Supplied material Block Start

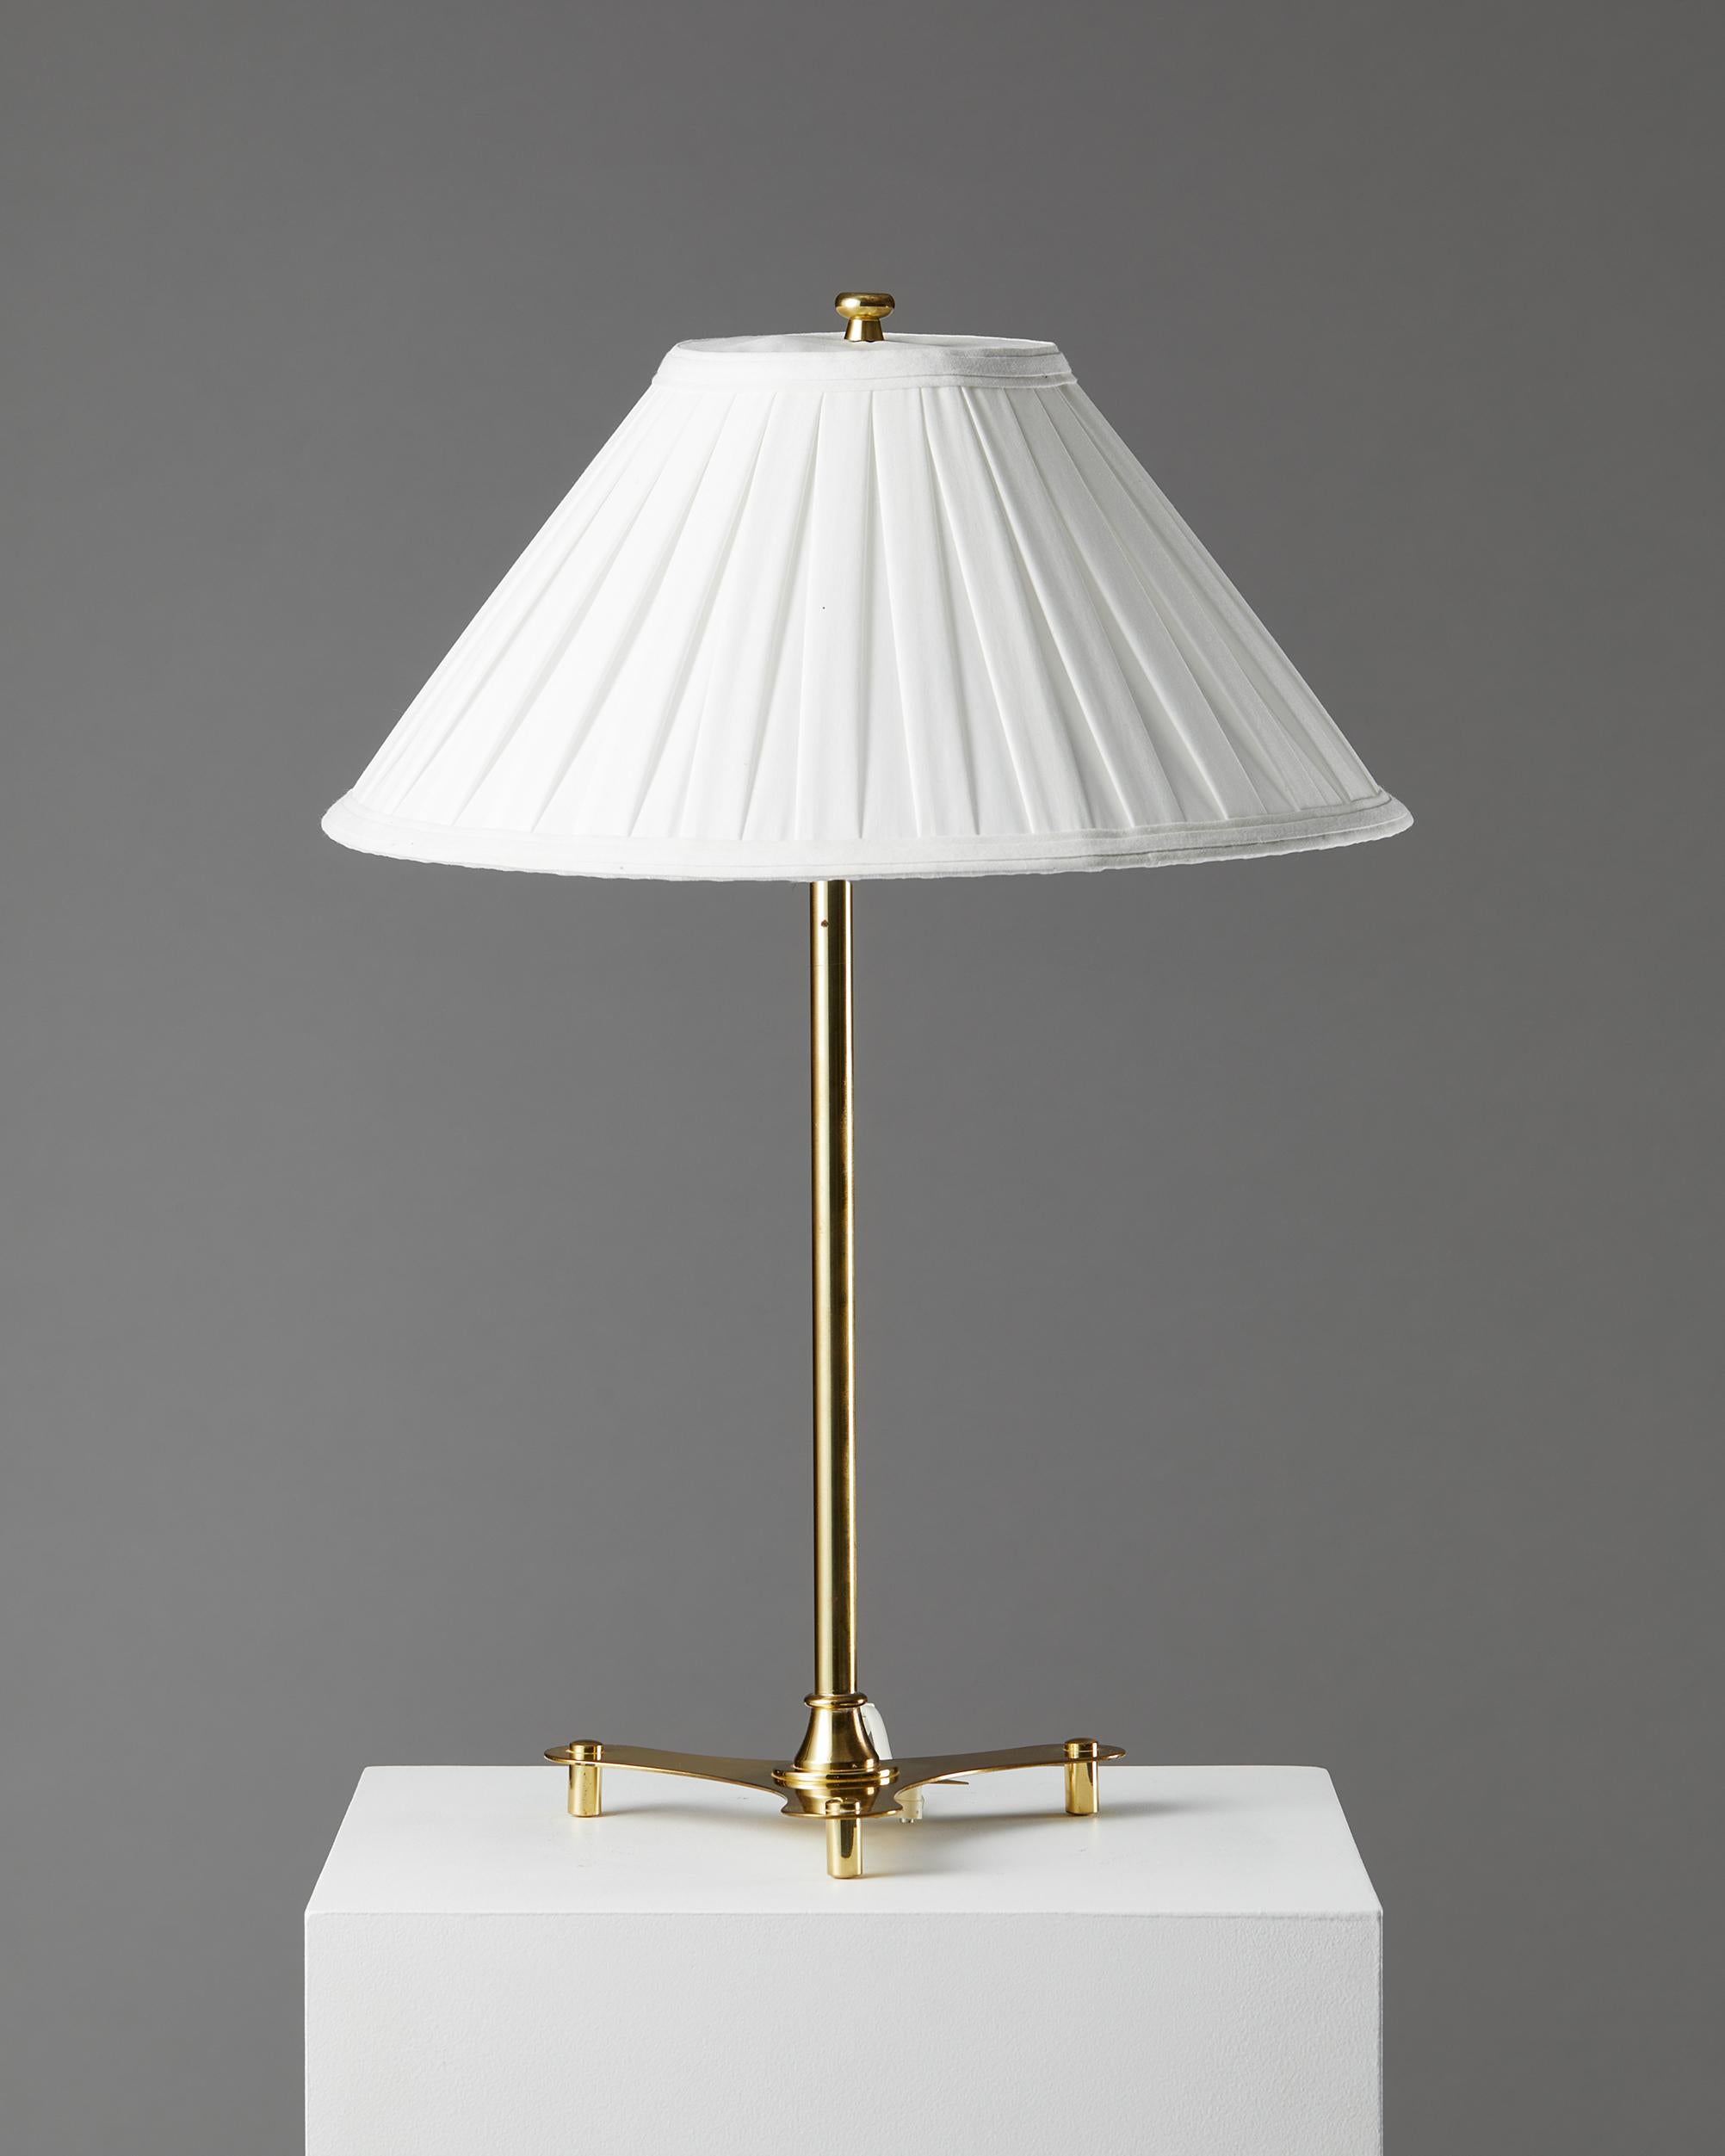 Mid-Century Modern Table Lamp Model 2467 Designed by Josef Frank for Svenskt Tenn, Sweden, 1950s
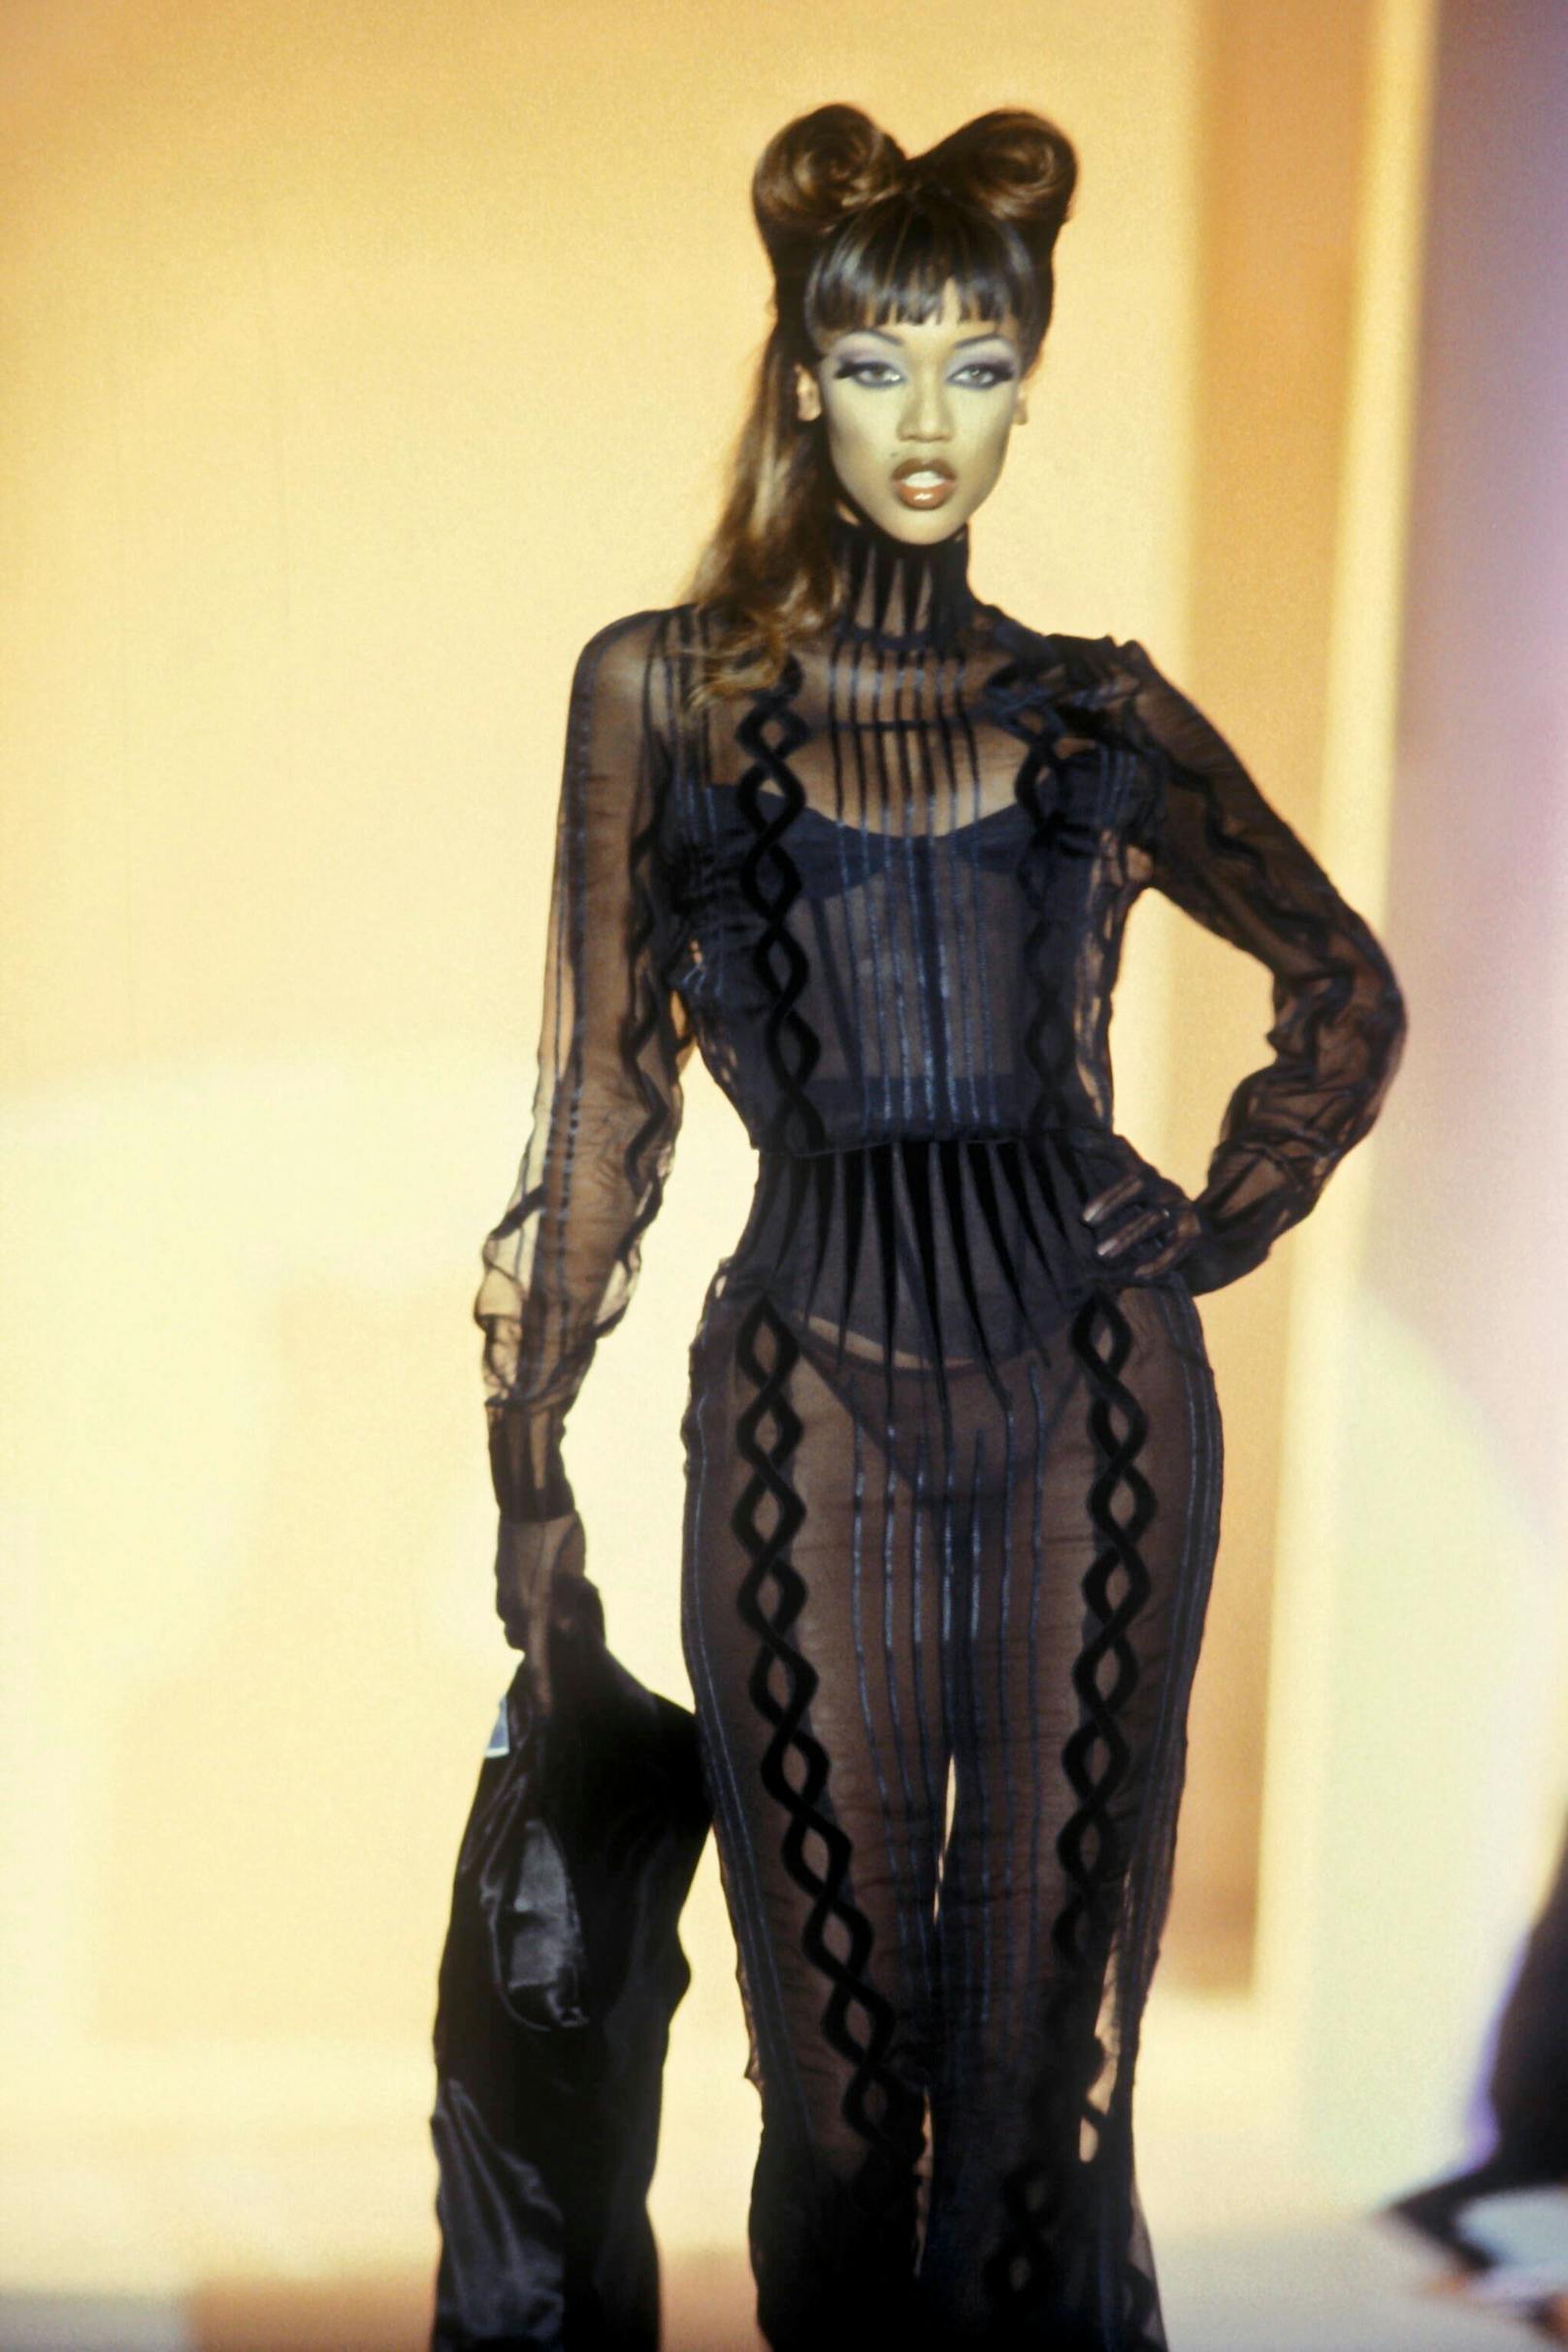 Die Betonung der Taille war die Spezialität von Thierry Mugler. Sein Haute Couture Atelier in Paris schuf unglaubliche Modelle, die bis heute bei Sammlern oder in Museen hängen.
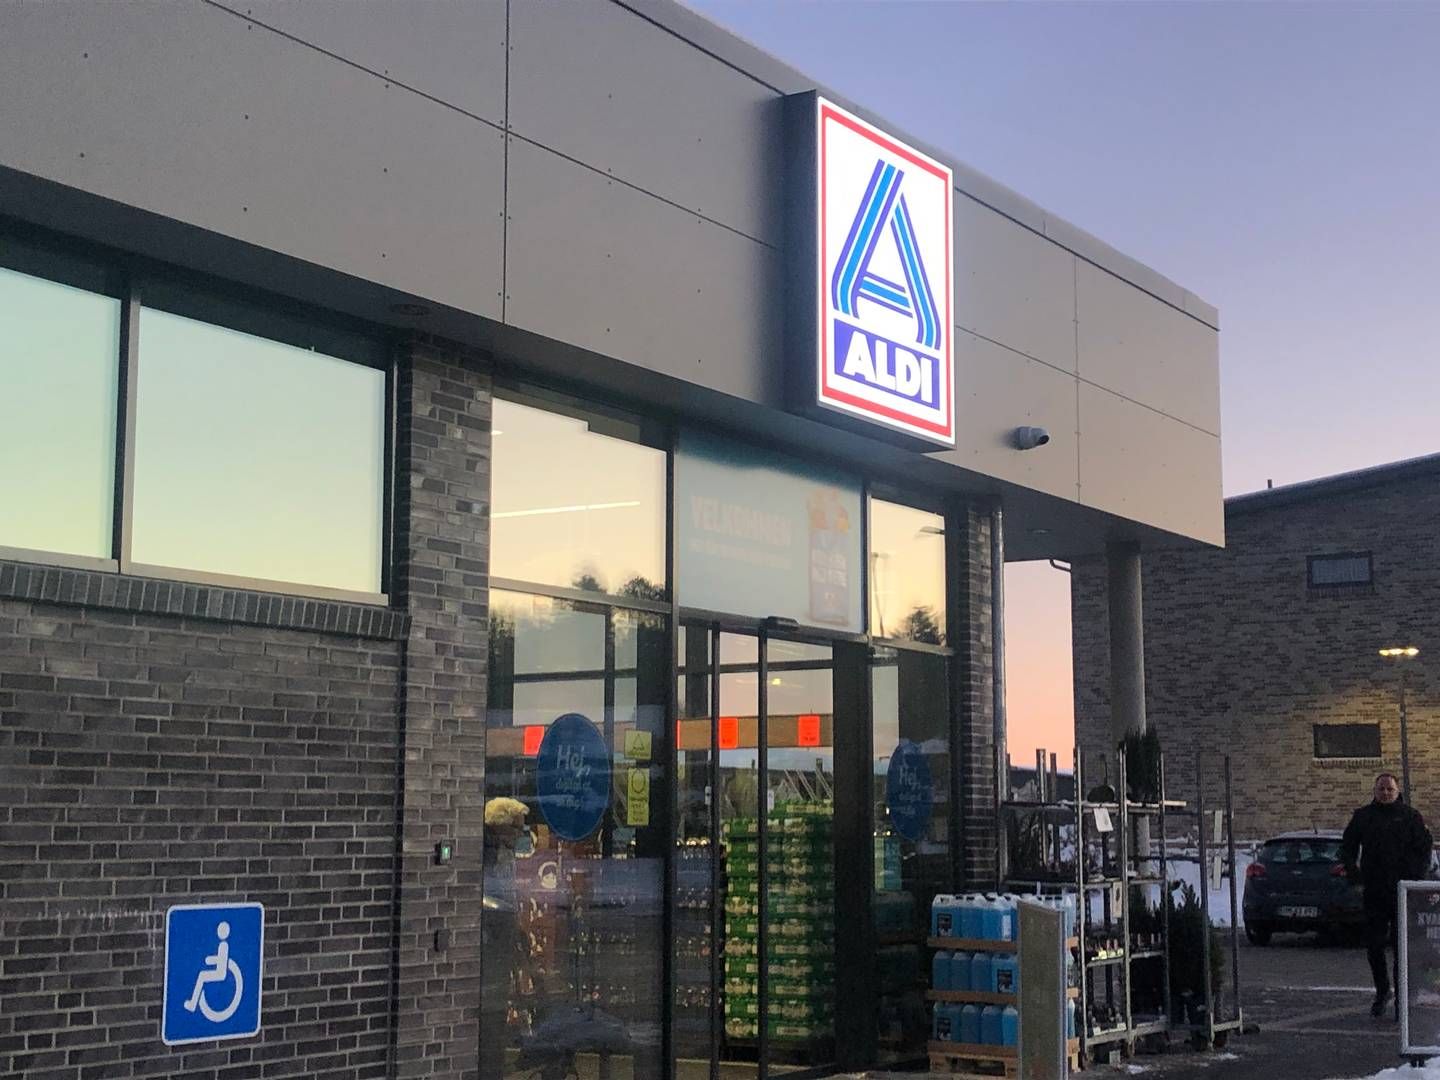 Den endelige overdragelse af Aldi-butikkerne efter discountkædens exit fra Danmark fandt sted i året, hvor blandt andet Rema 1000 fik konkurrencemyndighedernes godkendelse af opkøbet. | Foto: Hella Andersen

Supplied material Block End

— Task item —
Print the listing exactly, minus any pictures.

— Expected answer —
 Mid-Century Modern Table Lamp Model 2467 Designed by Josef Frank for Svenskt Tenn, Sweden, 1950s
 Die Betonung der Taille war die Spezialität von Thierry Mugler. Sein Haute Couture Atelier in Paris schuf unglaubliche Modelle, die bis heute bei Sammlern oder in Museen hängen.
 Den endelige overdragelse af Aldi-butikkerne efter discountkædens exit fra Danmark fandt sted i året, hvor blandt andet Rema 1000 fik konkurrencemyndighedernes godkendelse af opkøbet. | Foto: Hella Andersen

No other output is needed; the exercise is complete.